Overview of the Free Energy Principle and Active Inference

The authors discuss the principle's ability to simulate and explain a plethora of human capabilities, from perception to complex cognitive functions such as planning and decision-making. Active inference, a derivative of this principle, involves agents minimizing a variational free energy to develop an internal model of the world. This model allows agents to predict future states and thereby choose actions that align with their intrinsic preferences.

The paper compiles and synthesizes insights that bridge the free energy principle with the advancements in deep learning. The introduction contextualizes active inference and the free energy principle across disciplines such as psychology, economics, and neuroscience, where they have been applied to explain behaviors like attentional focus and eye movements.

Deep Learning for Realizing Active Inference

The narrative makes a compelling case for employing deep learning as the vehicle for realizing the computational aspects of active inference. Deep learning excels in environments that demand scalable solutions for high-dimensional data and continuous state spaces. The paper critiques and surveys various deep learning models suitable for implementing active inference, addressing how these models manage perception through a learned generative model.
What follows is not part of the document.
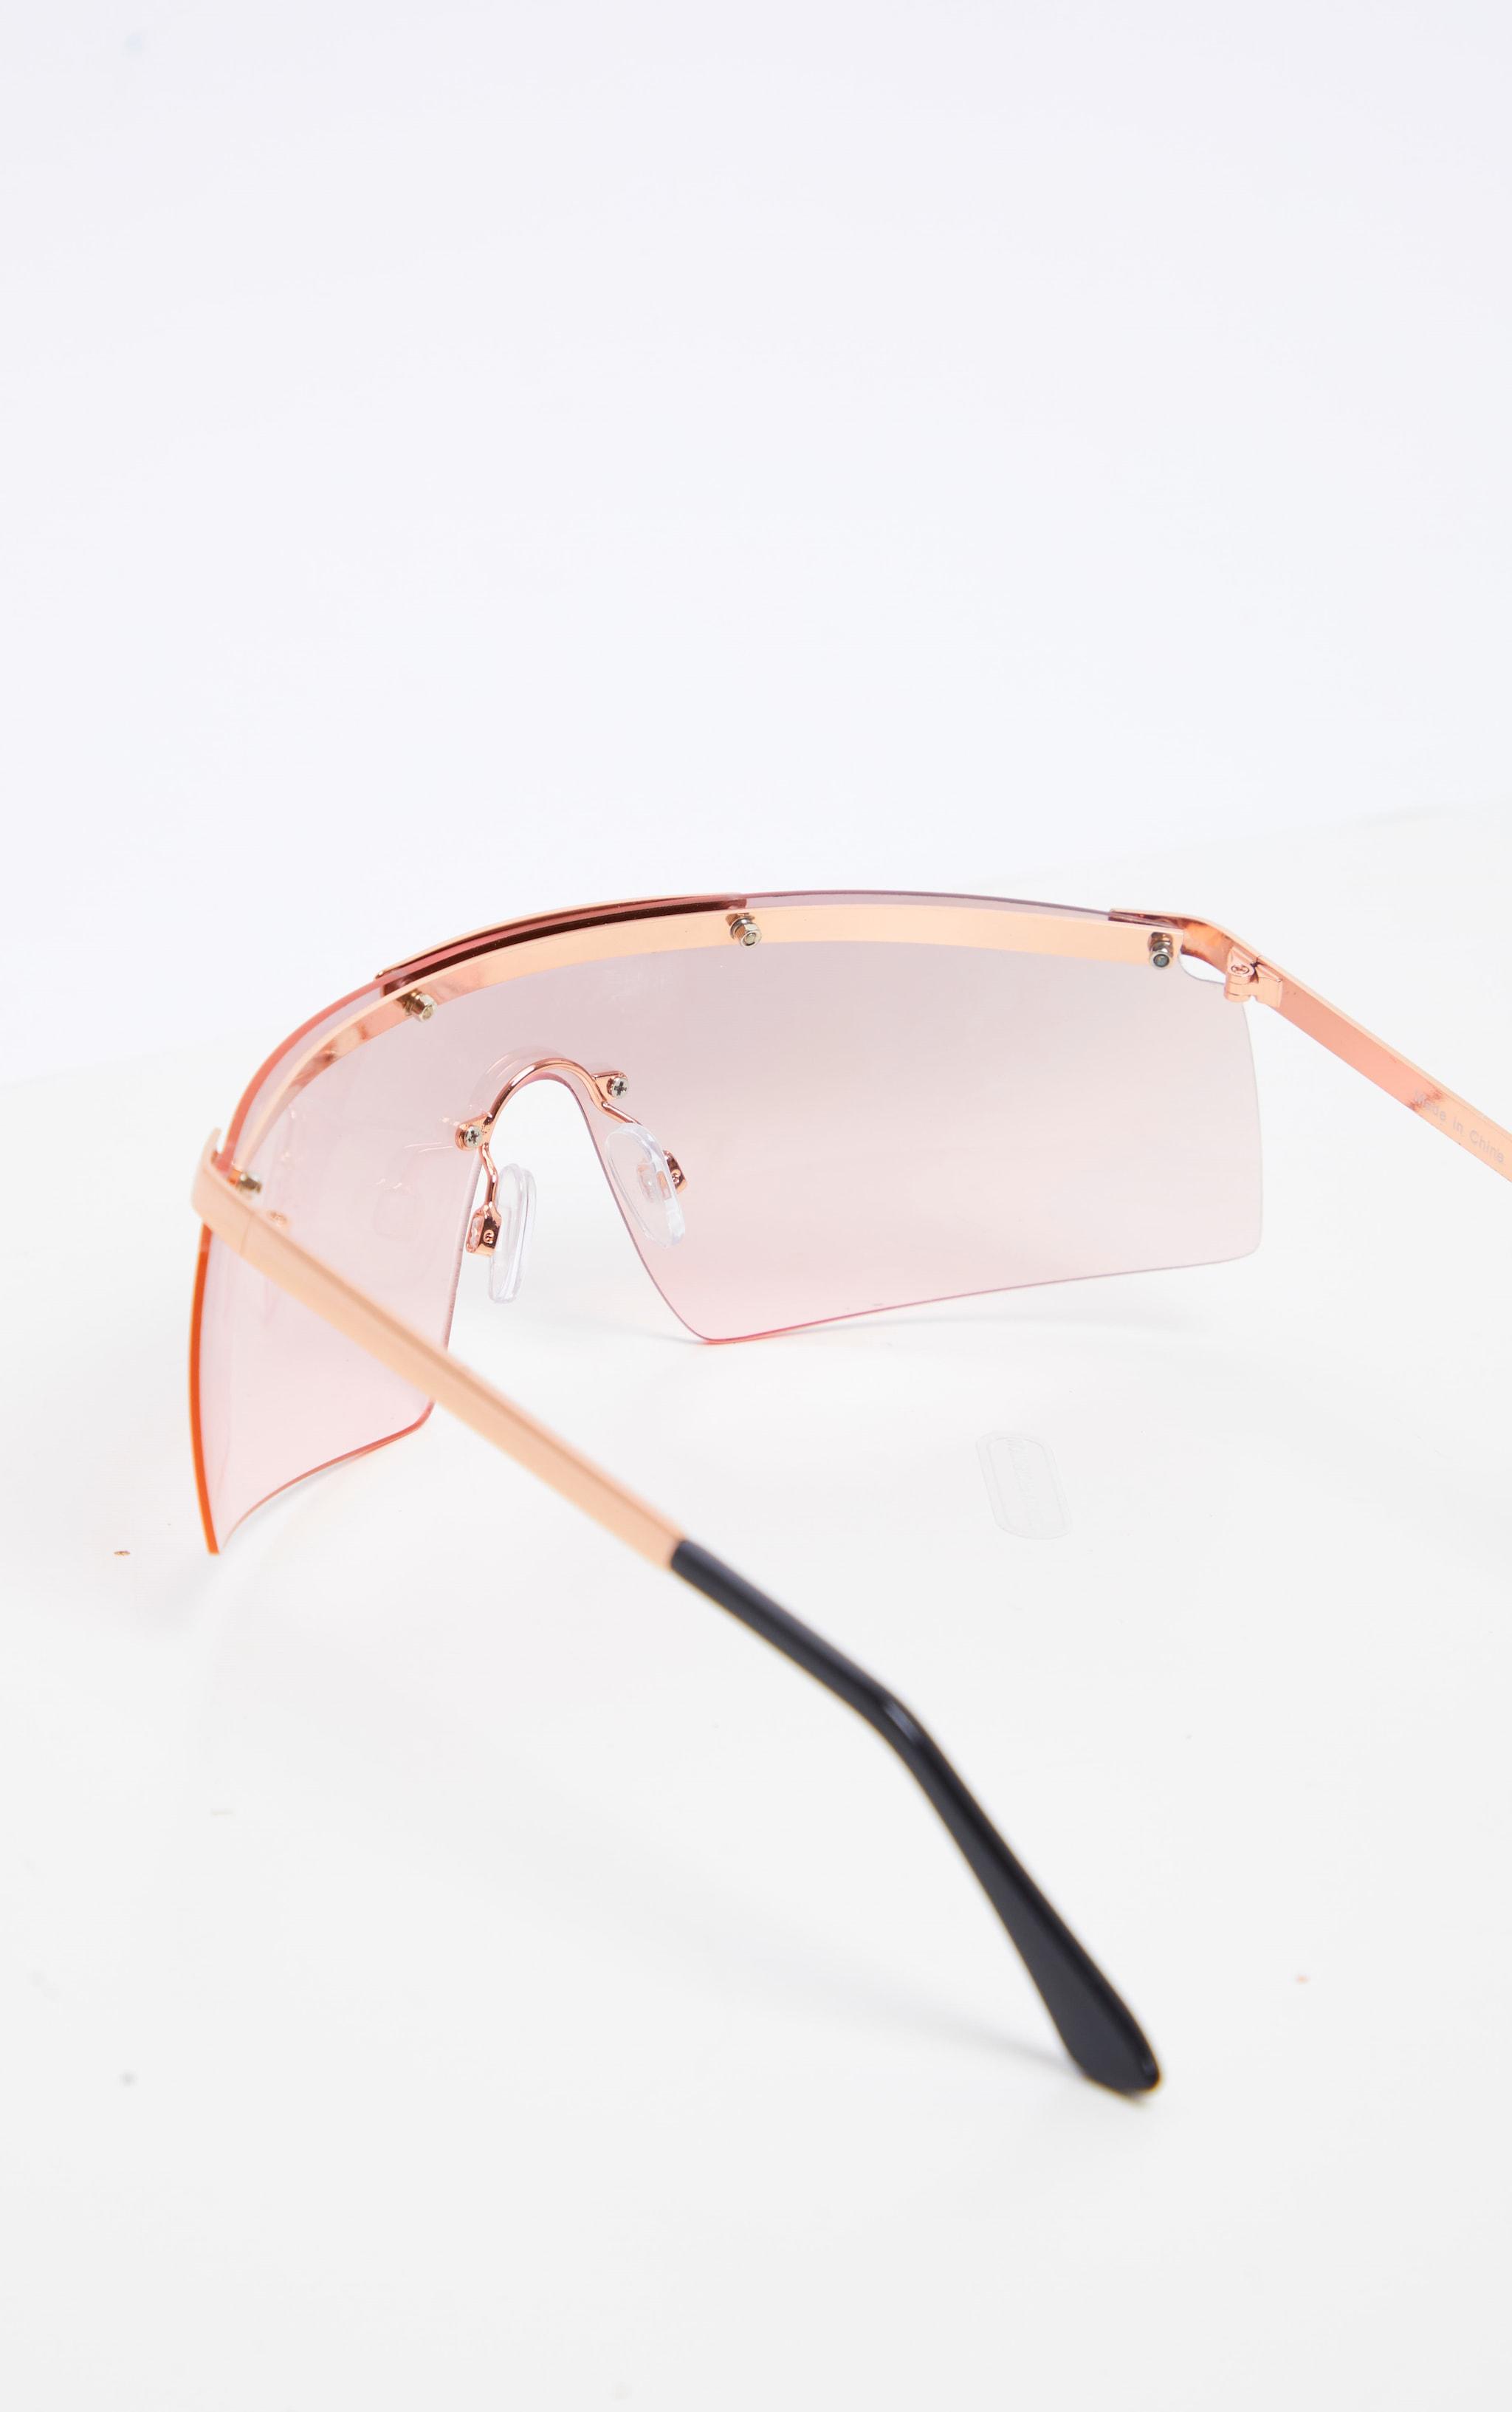 Rose Gold Tinted Flat Top Frameless Visor Sunglasses 3

The authors provide a technical examination of variational world models, which rely on a combination of variational inference and expectation maximization to minimize variational free energy. This is paralleled with the optimization tasks seen in deep learning like training VAEs, which invokes comparison to reinforcement learning methods that similarly model environment dynamics albeit through different conceptual prisms.

Implications and Future Directions

While the paper refrains from heralding its approach as groundbreaking, it lays out the methodological paths for deep learning researchers to efficiently implement active inference models. By drawing consistent parallels between reinforcement learning and active inference, it serves as a guide for deep learning practitioners to align their approaches with bio-inspired theoretical foundations.

The research suggests future developments could focus on enhancing hierarchical models that incorporate temporal and causal structures, thereby enriching the agent's interaction with complex environments. These advancements in model scaling, representation uncertainty management, and hierarchical state-action planning hold scope for substantial applications in AI systems that require nuanced understanding and adaptive strategies.

In conclusion, this paper not only bridges two dynamic areas of artificial intelligence research but also widens the spectrum of the free energy principle's applicability. It offers a coherent integration of theoretical foundations with practical neural network implementations, paving the way for more sophisticated and context-aware artificial systems in the field of AI.